A number of other groups have subsequently developed APD-based PET-MRI systems as well, this is a system developed at Brookhaven National Laboratory. This is a very compact system as you can see here. It was a derivative of a system that they developed for imaging awake animals, animals that had not been anesthetized, originally the animal wore one of these small PET scanners around its head and it was freely moving, they then adapted this to be a magnetic field insensitive system that could go inside of an MR scanner.

So a lot of development pre-clinically, the first kind of hybrid combination for human imaging was in Korea, where they took a HRT, a high resolution brain imaging system. You see on the left here, in an adjacent room they put a 7T MRI and they had this shuttle system that moved the patient back and forwards between the two. This is perhaps taking avoiding interference to the extreme, by having these things pretty well separated and moving the patient some distance, but it certainly allowed for the ability to very quickly move from the PET to the MR with minimal patient movement and therefore good registration of the data.

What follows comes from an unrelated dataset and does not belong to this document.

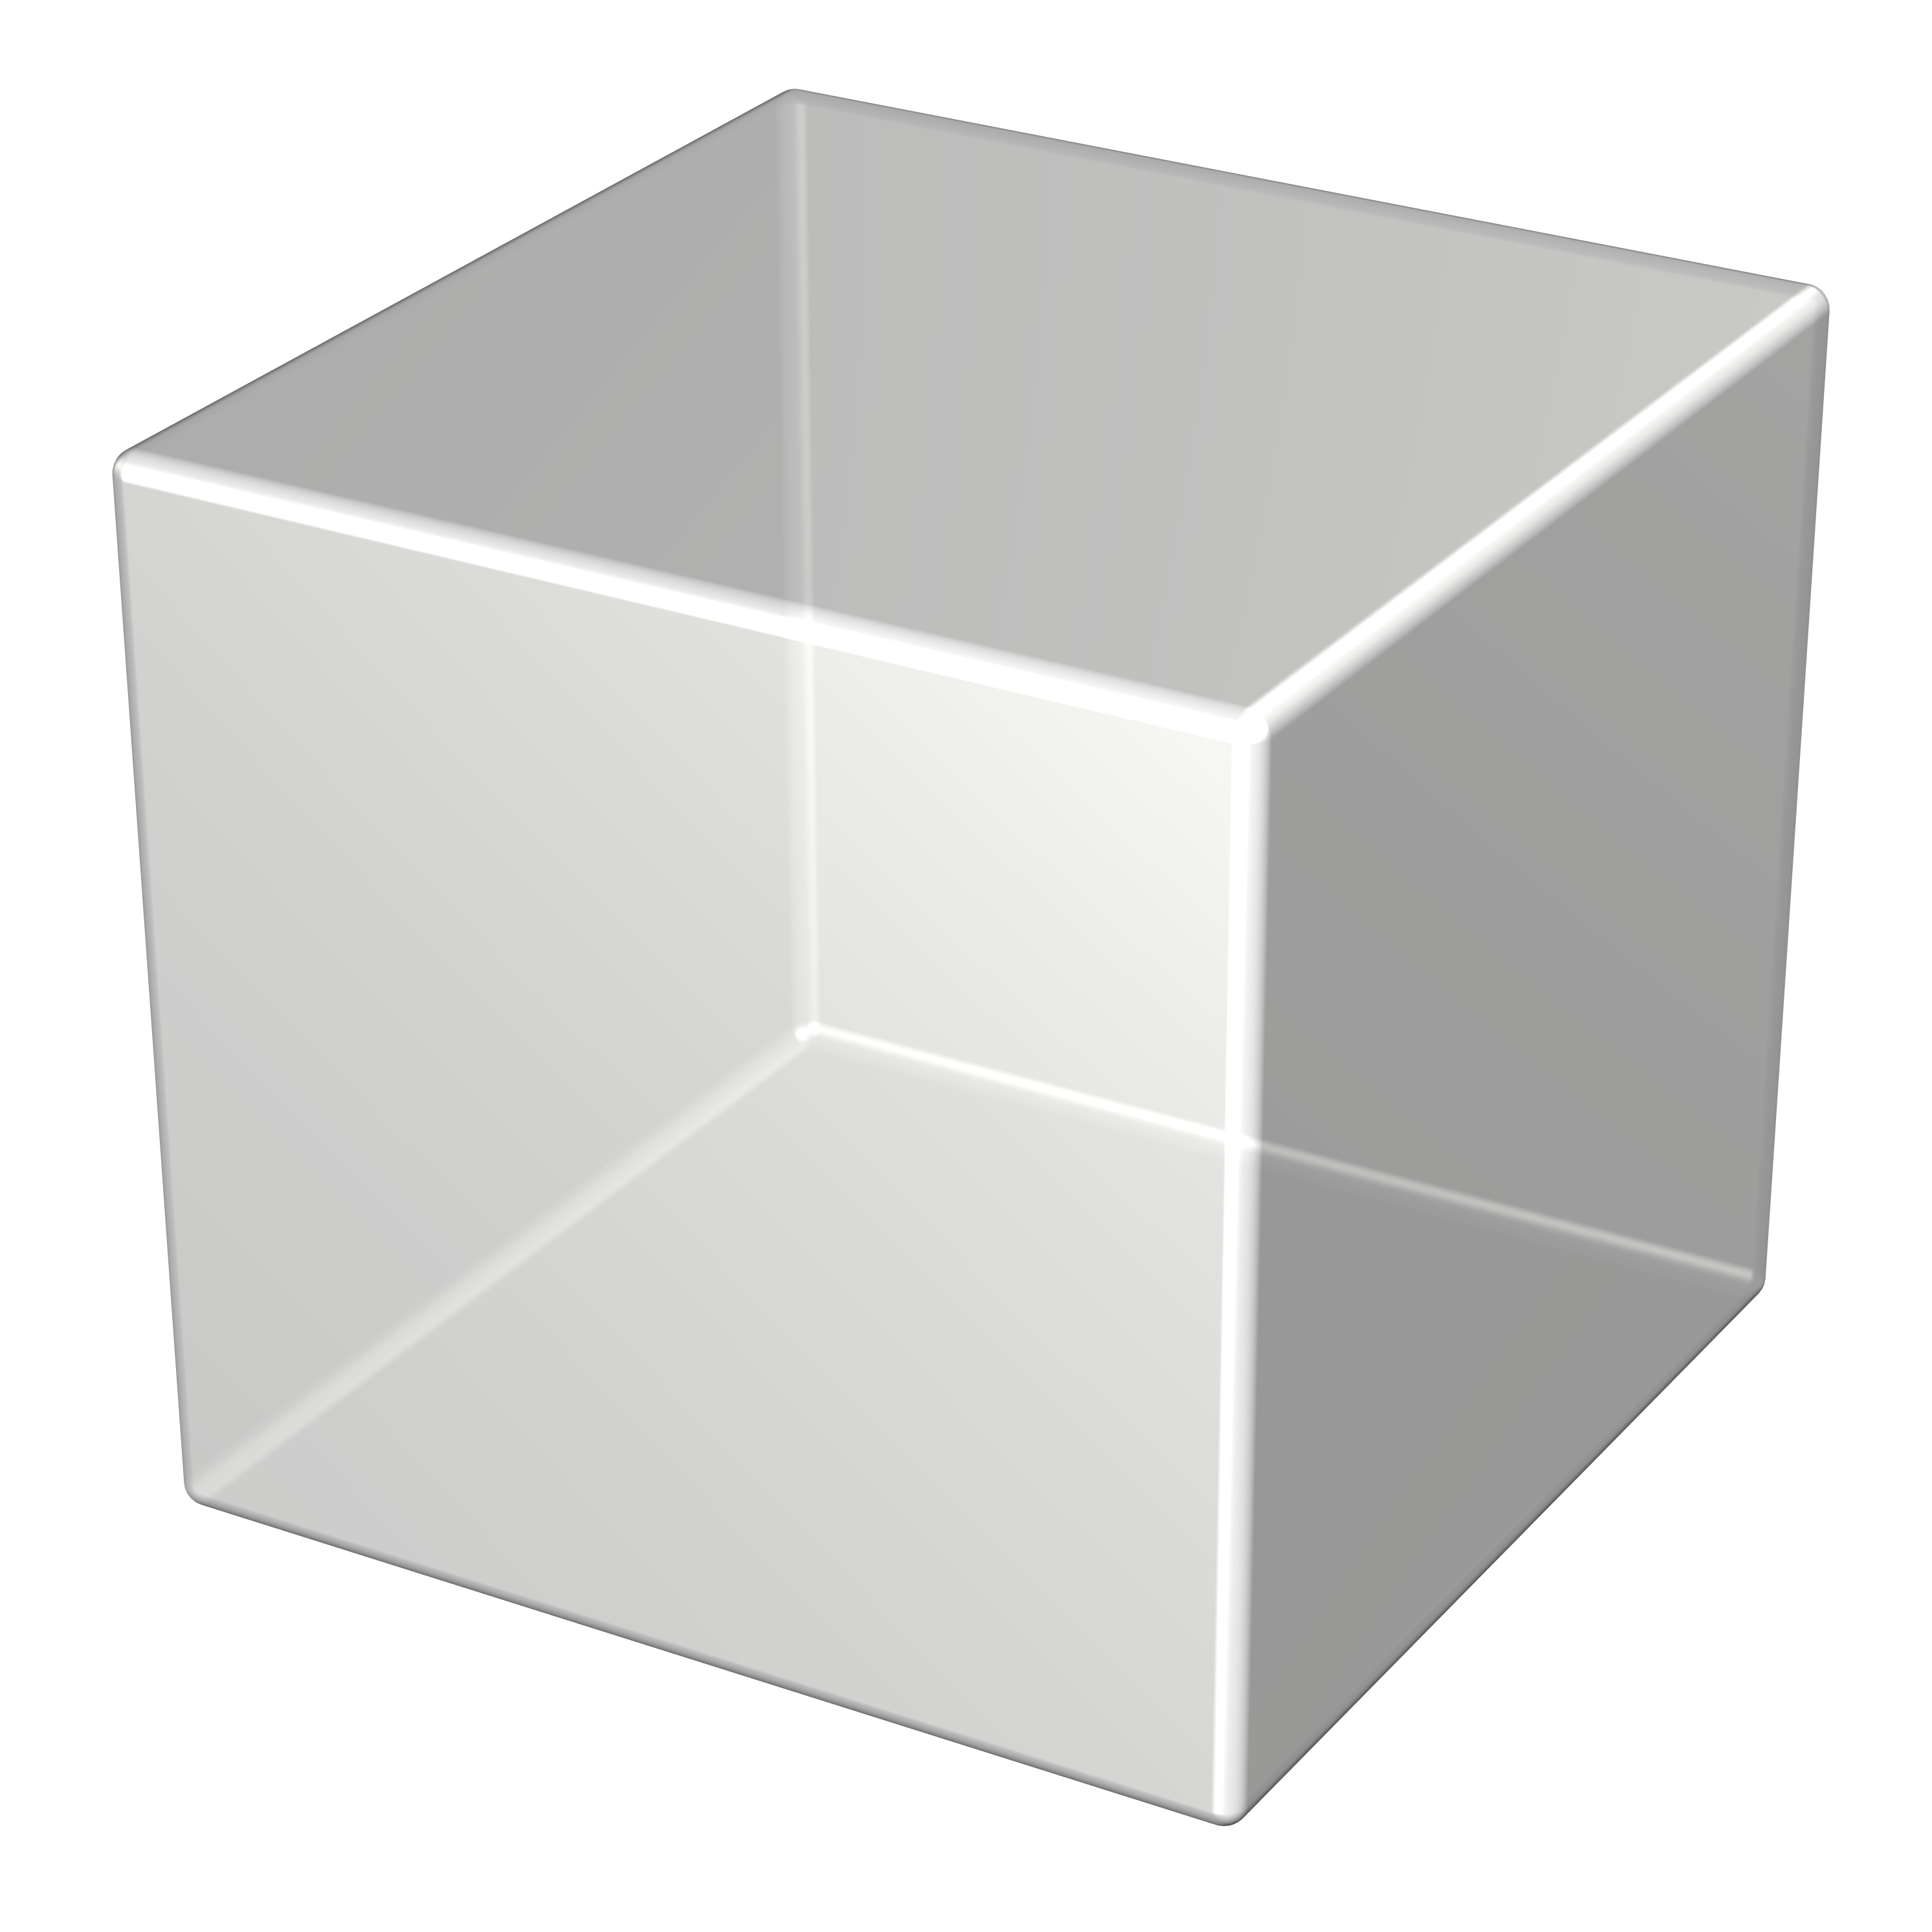 16 3d Square Iconpng Images 3d Cube Vector Data Cube Icon And 3d

So all of this activity as you can see has led to a complete resurgence in our field, very, very strong growth. The numbers for 2010 are probably underestimated because they are based on the publications that are currently in the databases which are not complete yet for 2010. So we’ve seen this just incredible growth over the last 3 or 4 years in the field, a lot of exciting things, much of which you have heard about today already and some other things you will hear about tomorrow.

And of course the big thing that has changed is that industry has got involved. And I think that that has made a really huge difference to the field. So Siemens were really the first to get heavily involved in PET-MR, and they developed this brain PET insert as you have already heard about today. So this is the system installed at Massachusetts General Hospital and some of the first simultaneous PET-MR images of the human brain taken from that system.

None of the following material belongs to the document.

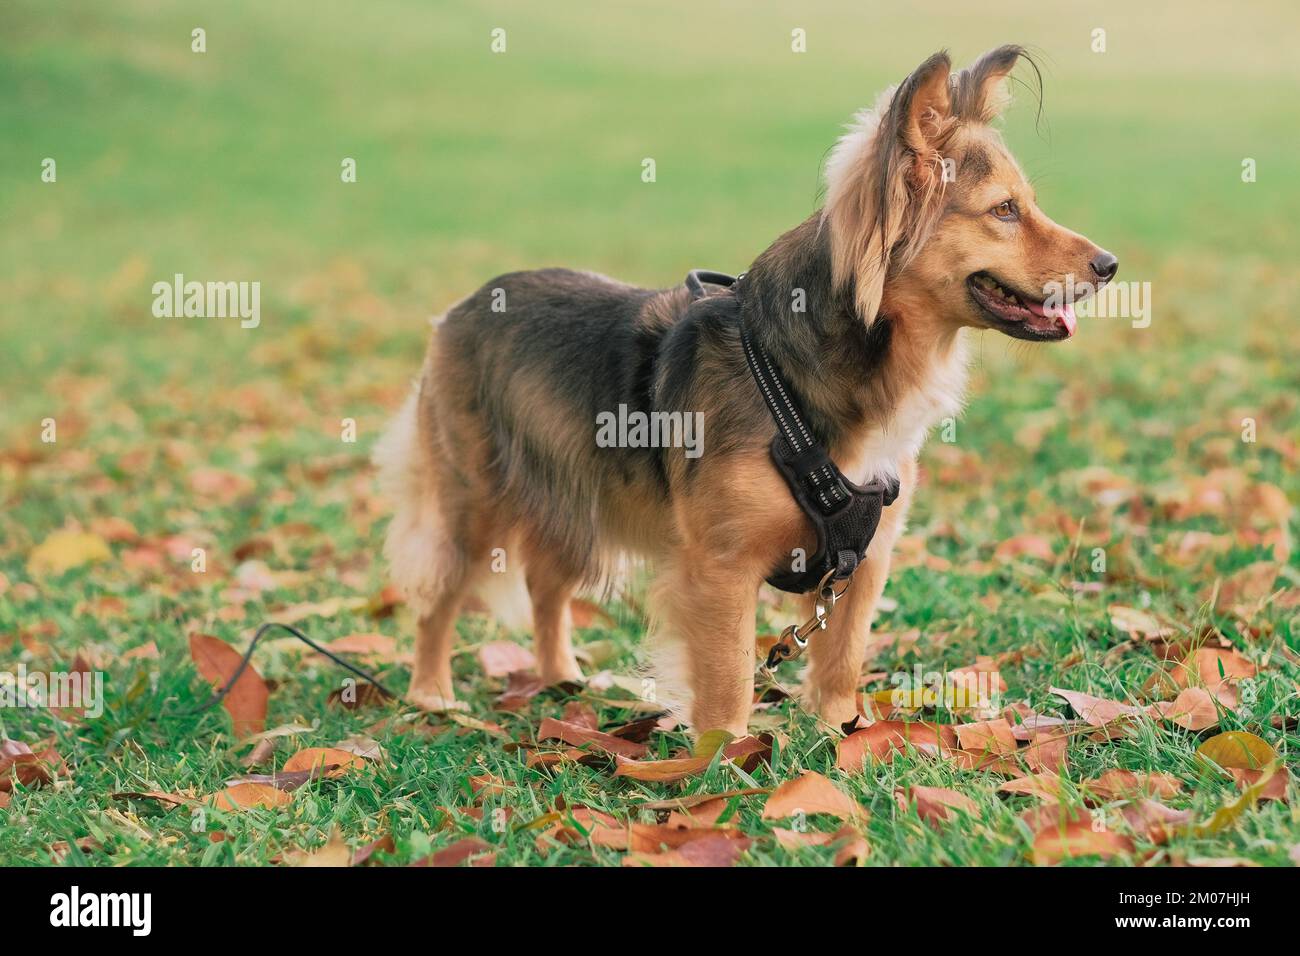 Mixed-breed multicolor dog with harness outdoor. Animal fur black, brown, white. Medium-sized pet in park. Grass green, leaves orange, Autumn day. Stock Photo

As we have heard we are even up to 9.4T now. It is nice to see that Prof. Iida, who is the one who started this field, is still involved 25 years later and through the positron range measurements that he talked about earlier, and I think many of us many years ago would have had a hard time imagining that we were going to be doing

simultaneous PET-MR in humans at 9.4T, but the reality is obviously here. Now in terms of clinical applications, there was somewhat of a debate about

whether you need to do PET and MR simultaneously or whether you could do them sequentially and just have the machines close to each other. So the Philips system that has been developed so far, involves sequential imaging. They have an MR and a PET system in the same room in fairly close proximity and again a shuttle system that moves the patient between the two, and this is installed in a couple of medical centers now and is being investigated as a clinical tool.

Obviously the advantage of this is that you don’t have to do much modification on existing PET and MR systems, the downside is that you cannot get data at the same time and of course there’s an increased risk of patient motion between the two studies. It will be interesting to see as we go forward which of those wins out in terms of being the clinical tool that people will prefer.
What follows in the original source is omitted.